Он и она подвели итог, каждый по-своему. Он сидел, ждал, неизвестно почему вспоминая о давней любовной встрече. В глухой провинции. Он тогда впервые, не испытав никакой плотской радости, узнал любовь женщины, она была профессионалкой, и добраться до ее наготы было невозможно, она разучилась обнажаться. Привычка и скука заковали ее в броню. Он явственно увидел красный шершавый плед, она и его не удосужилась снять, не обнажила и белизну простыней. И еще он подумал: «Мне сорок, сорок, мне сорок лет…» Резко обернулся:

– Ты меня ненавидишь. Оно и понятно. Я старый.

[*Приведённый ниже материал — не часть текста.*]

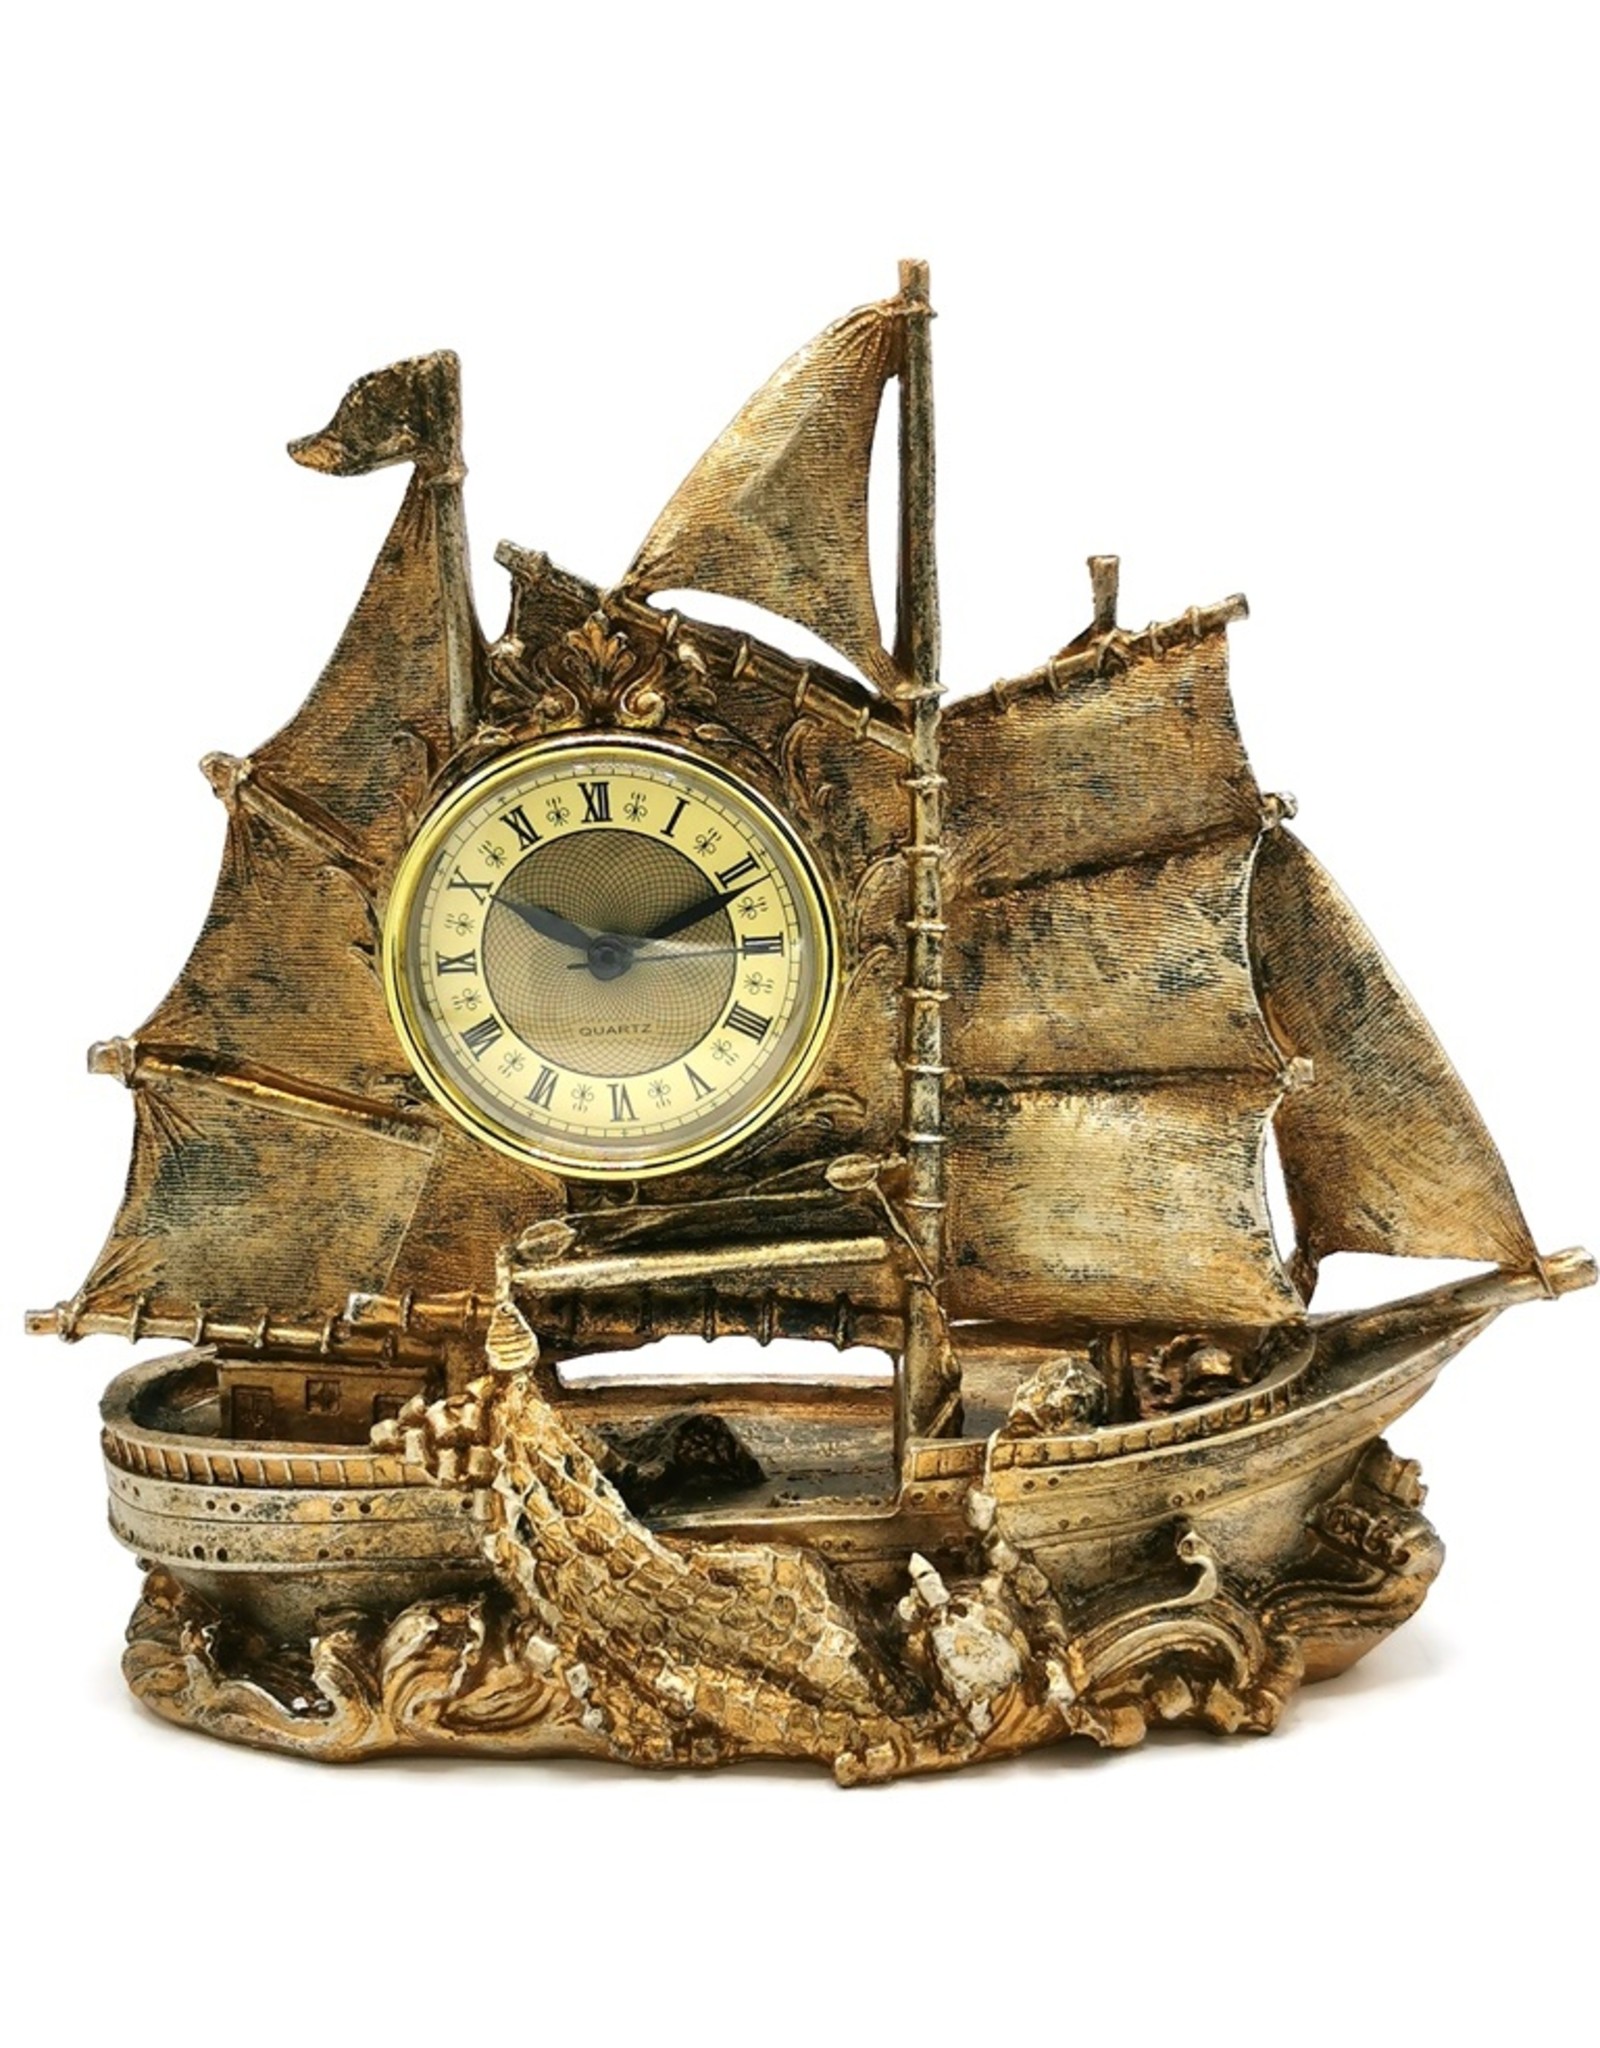 Trukado Miscellaneous -  Sailboat Table Clock bronze-coloured

Манон привстала, она поняла, какой он. Он из тех, кто не дружит с жизнью. Кто заказывает шампанское, пригубливает и говорит: «Пить мне тоже не хочется!..» Она уже таких встречала. Не поймешь, чем они занимаются. Деньги тратят без удовольствия. Однажды такого как раз и арестовали. Вечером, в баре, два полицейских инспектора. Он зажался, стиснул зубы, молчит, а она: «Я, господин инспектор, уважаемая женщина, танцовщица с улицы Бланш». И осталась сидеть перед полной рюмкой, но уже одна, его увели, а приятели вокруг смеялись. «Не повезло, Манон…» Хозяин провожал полицию до дверей: «Бывает, бывает… Что вы хотите, мсье, – уж на что я человек разборчивый, но всех клиентов все равно не узнаешь!» И сразу поползли слухи. «Спекуляция, контрабанда. Ясное дело, иностранец». Она спокойно допила свою рюмку, хотя хозяин косо на нее поглядывал. «Идиот! Я-то тут ни при чем».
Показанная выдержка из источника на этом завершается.